Re: [dcat] Tomorrow's agenda

From: Ed Summers <ehs@pobox.com>
Date: Thu, 27 May 2010 05:29:42 -0400
Message-ID: <AANLkTilHwCNWEfRZhMASKMe0v_heojj95Uw3gGS0tDf5@mail.gmail.com>
To: Richard Cyganiak <richard@cyganiak.de>
Cc: public-egov-ig IG <public-egov-ig@w3.org>
Unfortunately I've got another meeting conflict this week, so regrets
again for today. I've included some notes below, which may or may not
be of some use.

On Wed, May 26, 2010 at 6:49 PM, Richard Cyganiak <richard@cyganiak.de> wrote:

> == Use Cases and Requirements ==
>
> * See
> http://www.w3.org/egov/wiki/Data_Catalog_Vocabulary/Use_Cases_and_Requirements
> * Can we declare this finished?

I think it looks good, nice work!

> == Vocabulary Reference ==
>
> * See
> http://www.w3.org/egov/wiki/Data_Catalog_Vocabulary/Vocabulary_Reference
> * Review current state

I wonder if it is worthwhile acknowledging (at least to ourselves)
that the ranges of dct:publisher, dct:accrualPeriodicity, dct:spatial,
dct:temporal, dcat:granularity, dcat:theme could be at odds with the
Simple Transformation From Existing Catalog Data requirement.  For
example a dataset publisher may know that the dataset is about
"Berlin, Germany" ... but they would have some work to do to figure
out what URI to use with dct:spatial. Similarly they may know that a
dataset is published by the National Aeronautics and Space
Administration, but they will have to do some work to use a linkeddata
friendly URI like <http://dbpedia.org/resource/NASA>.

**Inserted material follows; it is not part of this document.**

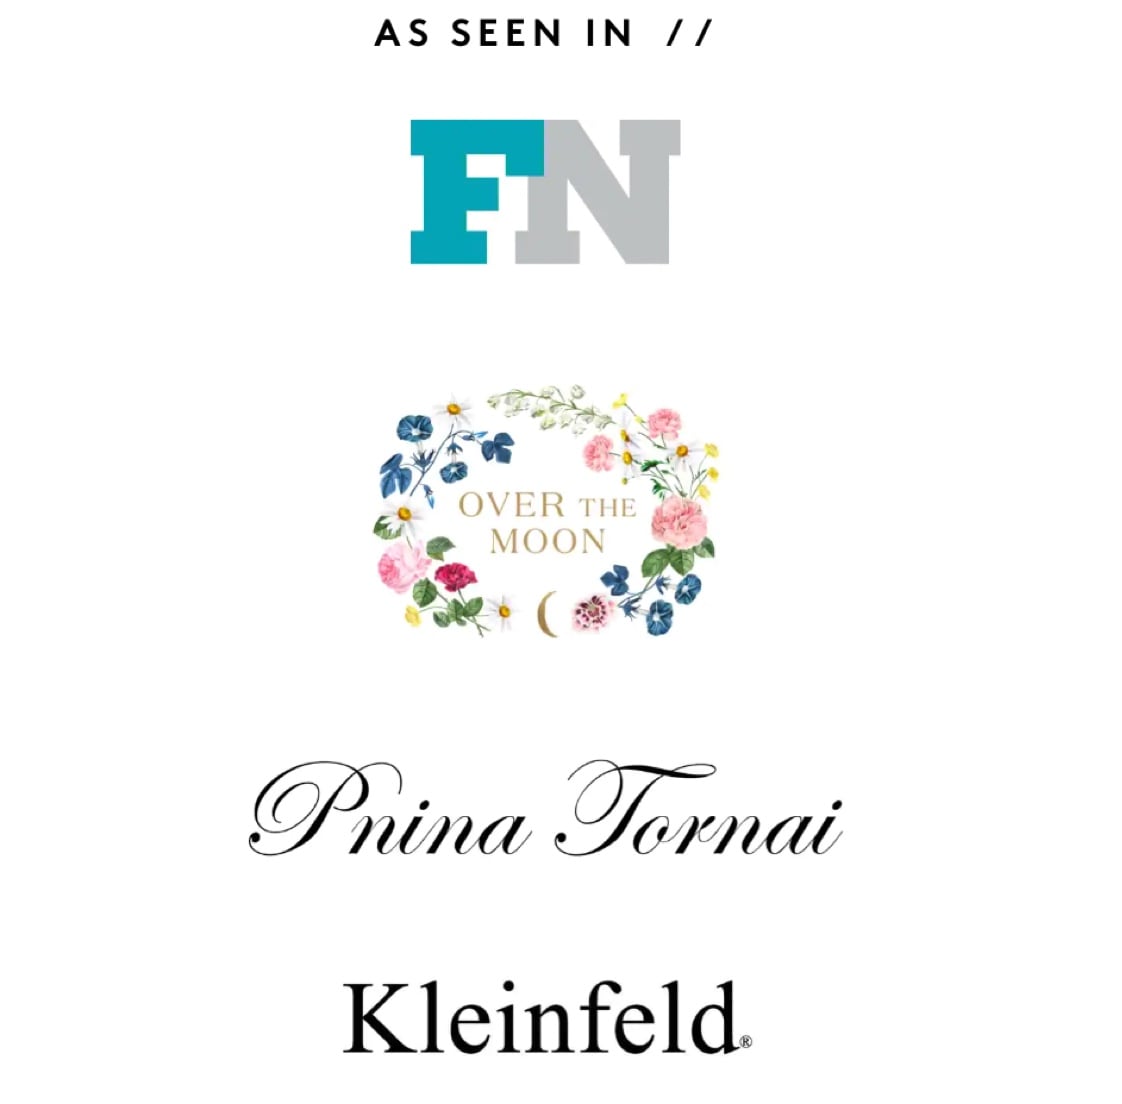 as seen in footwear news, over the moon, pnina tornai and kleinfeld

Should the range for dct:license be dct:LicenseDocument (as specified
in the dcterms vocabulary) instead of rdfs:Resource? Also, I was
wondering if it might be appropriate to use foaf:Document instead of
rdfs:Resource as the range on the dcat:dataDictionary. We're talking
about referencing an actual web document (aka information resource)
right?

I must admit I am a little bit perplexed by the use of dcat:accessUrl
to describe a dcat:Download. The usage note indicates that:

"""
accessUrl of the Download distribution should be a direct download
link (a one-click access to the data file).
"""

It makes me wonder if we should instead be recommending that the URI
for the dcat:Download be the actual URI for the download. So for
example:

  ex:dataset1 a dcat:Dataset ;
      dcat:distribution ex:download1 .

  ex:download1 a dcat:Download ;
      dcat:accessURL  <http://example.gov/downloads/1> ;
      dct:format "text/csv" .

would become:

  ex:dataset1 a dcat:Dataset ;
      dcat:distribution <http://example.gov/downloads/1> .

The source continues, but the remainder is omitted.